■ About this exercise:
Could you please transcribe the data exactly, without the pictures?

■ Information shown:
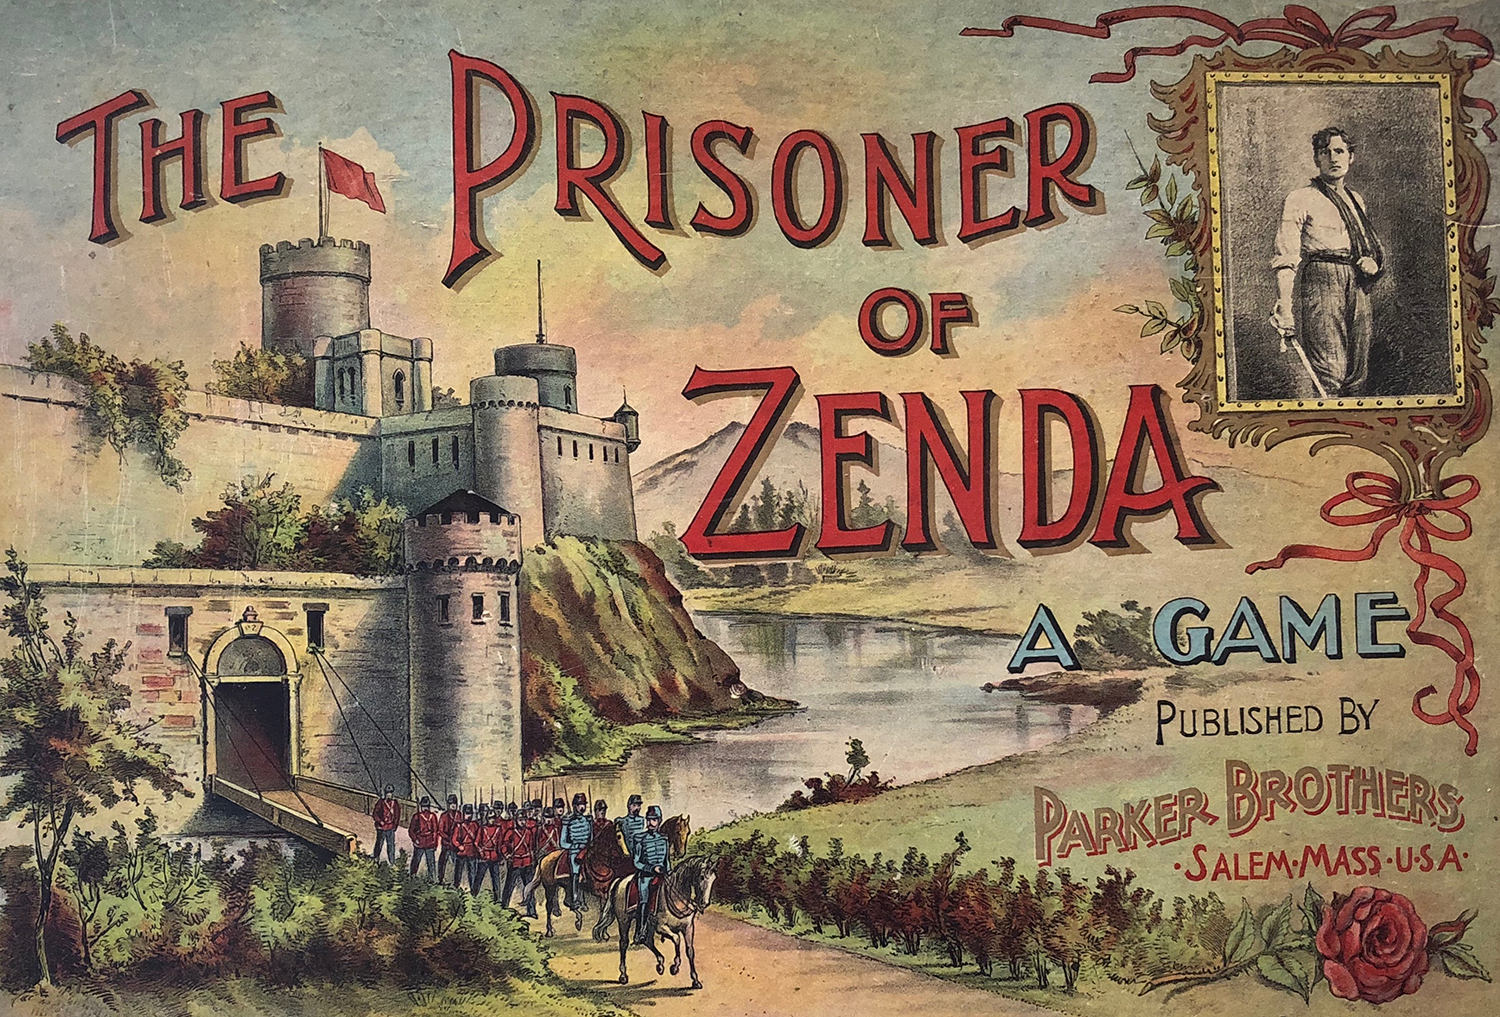 Board game version of The Prisoner of Zenda, 1896.
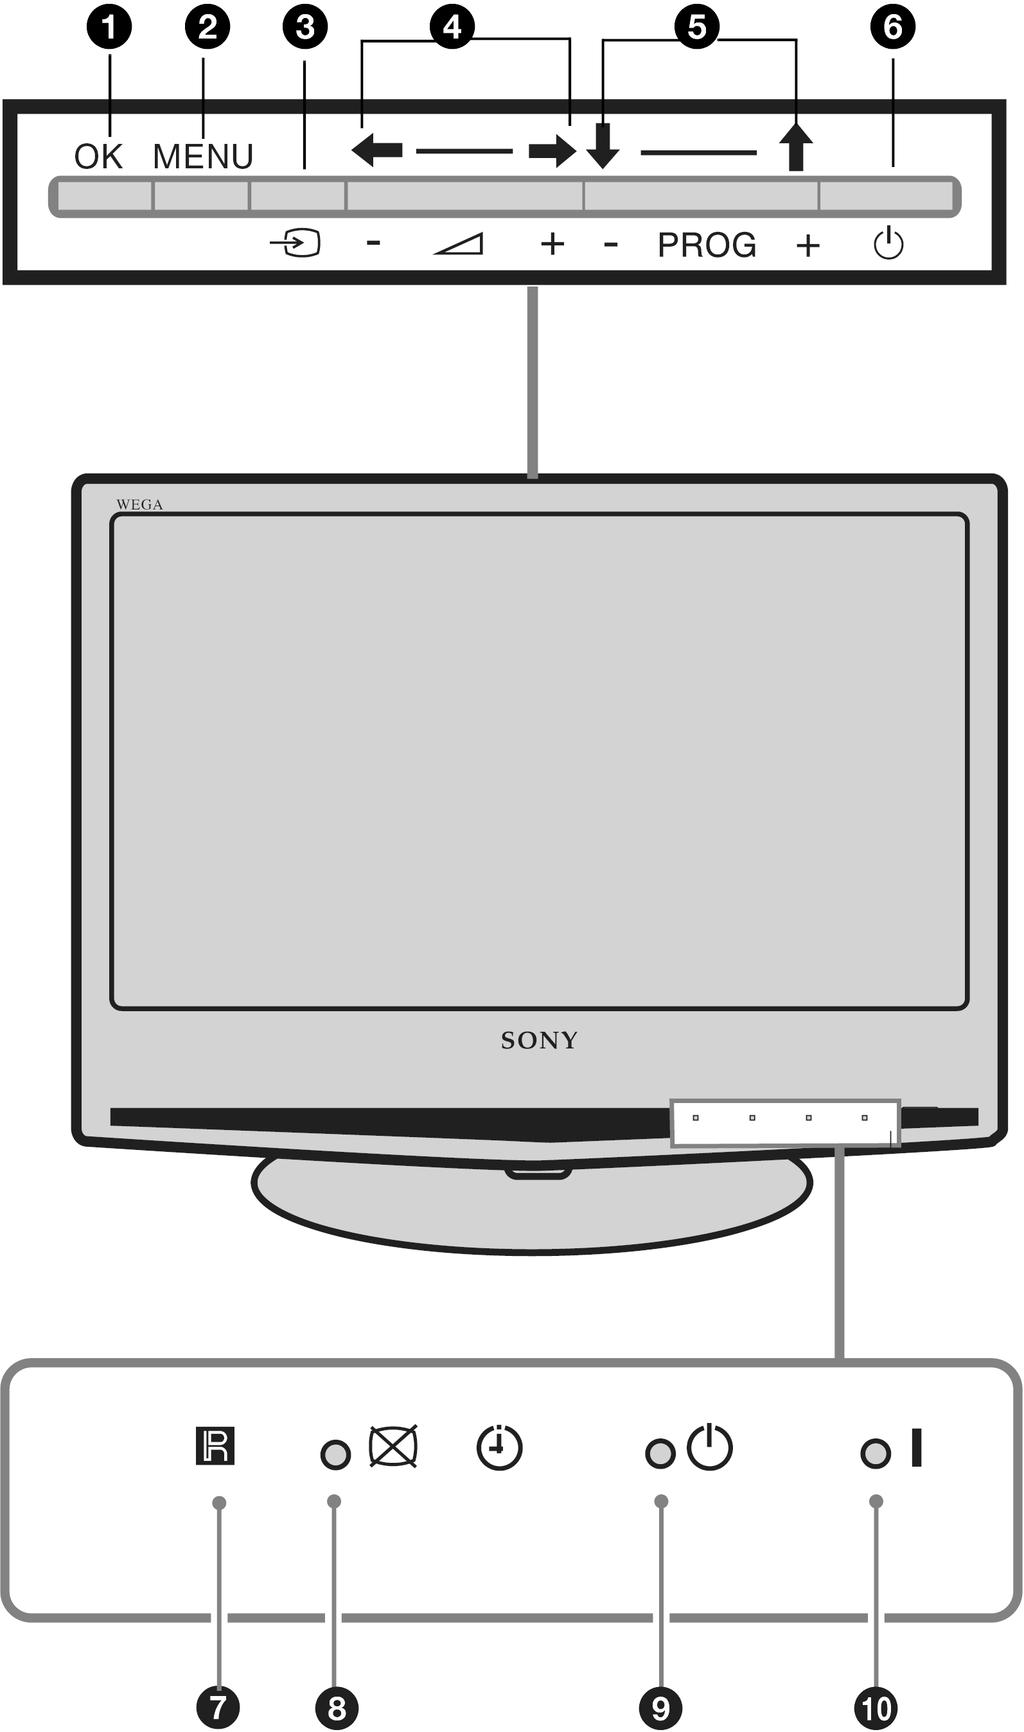 Pregled tipaka i indikatora na LCD TV prijemniku A n B o (stranica 17) C t Odabir izvora ulaznog signala (stranica 16) Odabir izvora ulaznog signala opreme spojene na priključnice TV prijemnika.
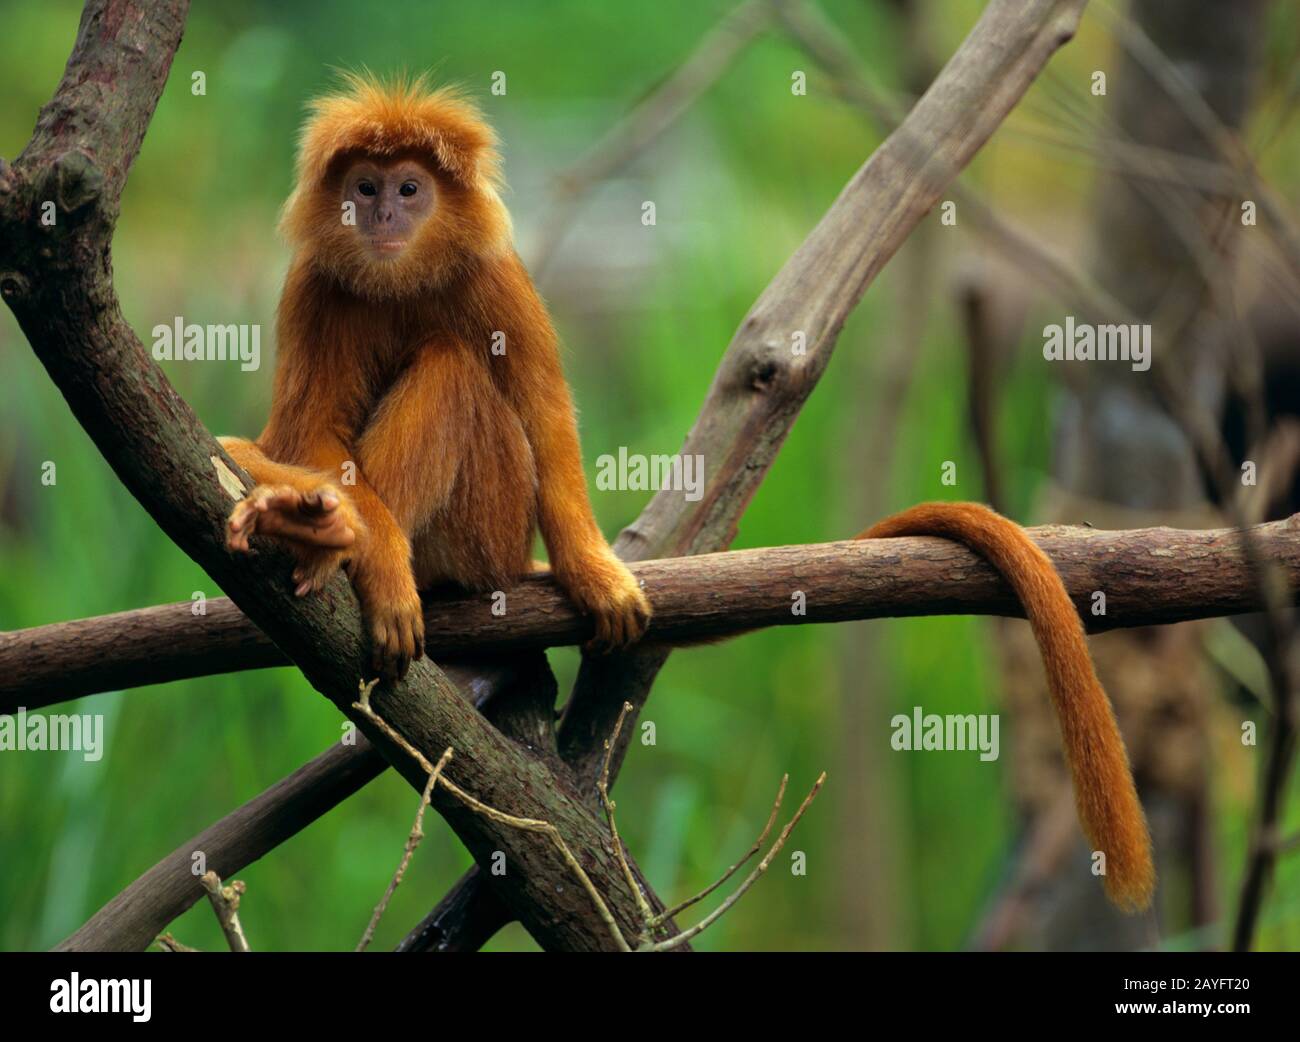 Dusky feuille-singe, langur spectaculaire (Presbytis melalophos), assis sur une branche, vue avant Banque D'Images
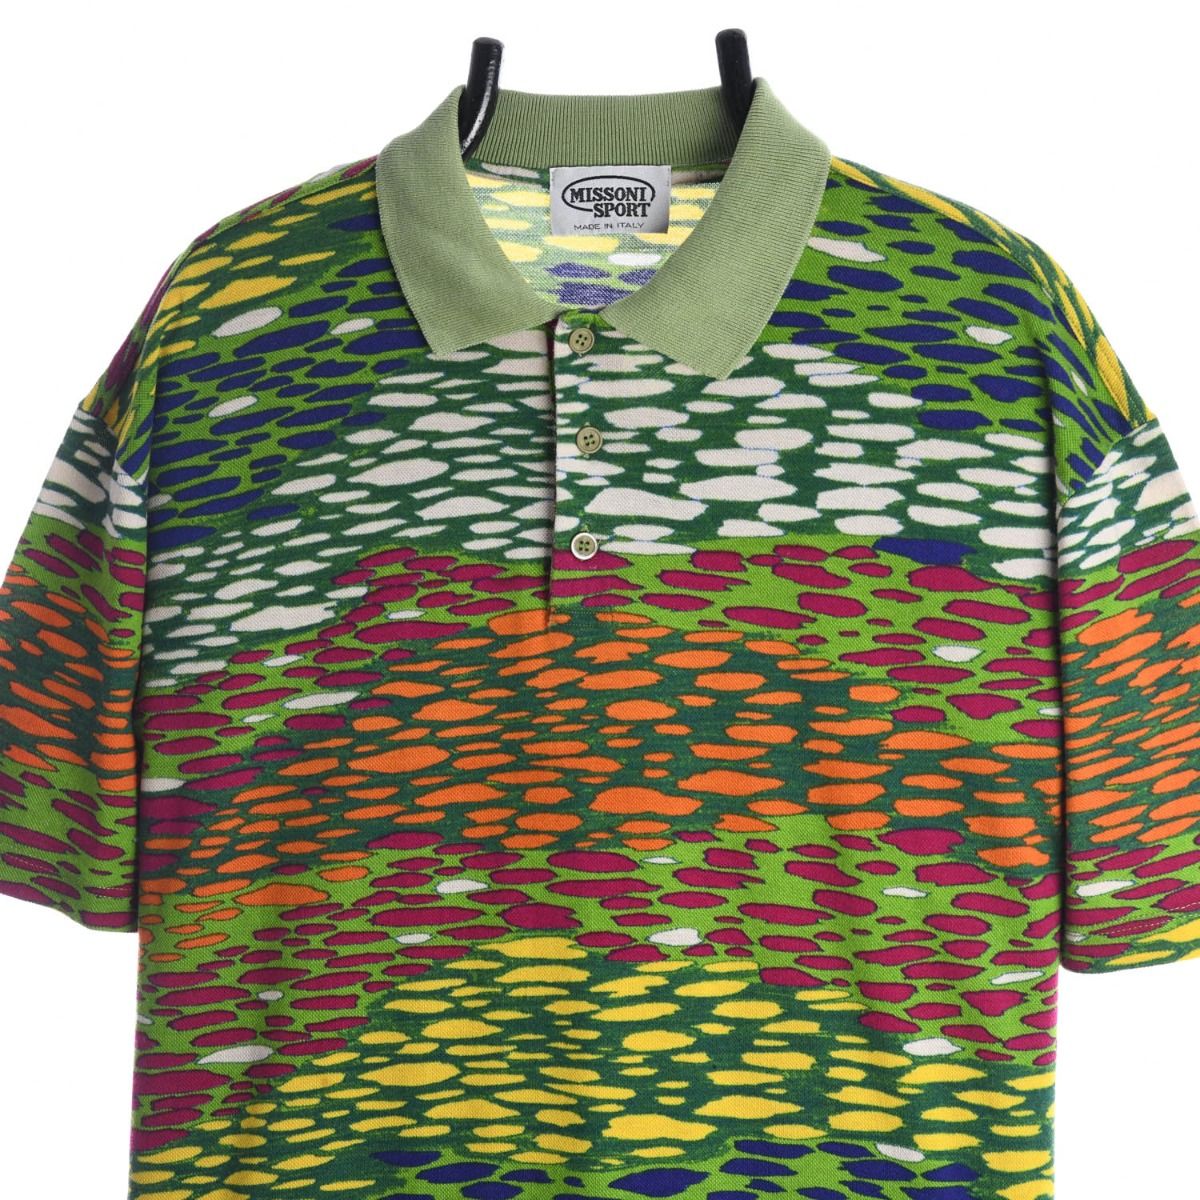 Missoni Sport 1990s Polo Shirt

■ Final answer:
 Board game version of The Prisoner of Zenda, 1896.
 Pregled tipaka i indikatora na LCD TV prijemniku A n B o (stranica 17) C t Odabir izvora ulaznog signala (stranica 16) Odabir izvora ulaznog signala opreme spojene na priključnice TV prijemnika.
 Dusky feuille-singe, langur spectaculaire (Presbytis melalophos), assis sur une branche, vue avant Banque D'Images
 Missoni Sport 1990s Polo Shirt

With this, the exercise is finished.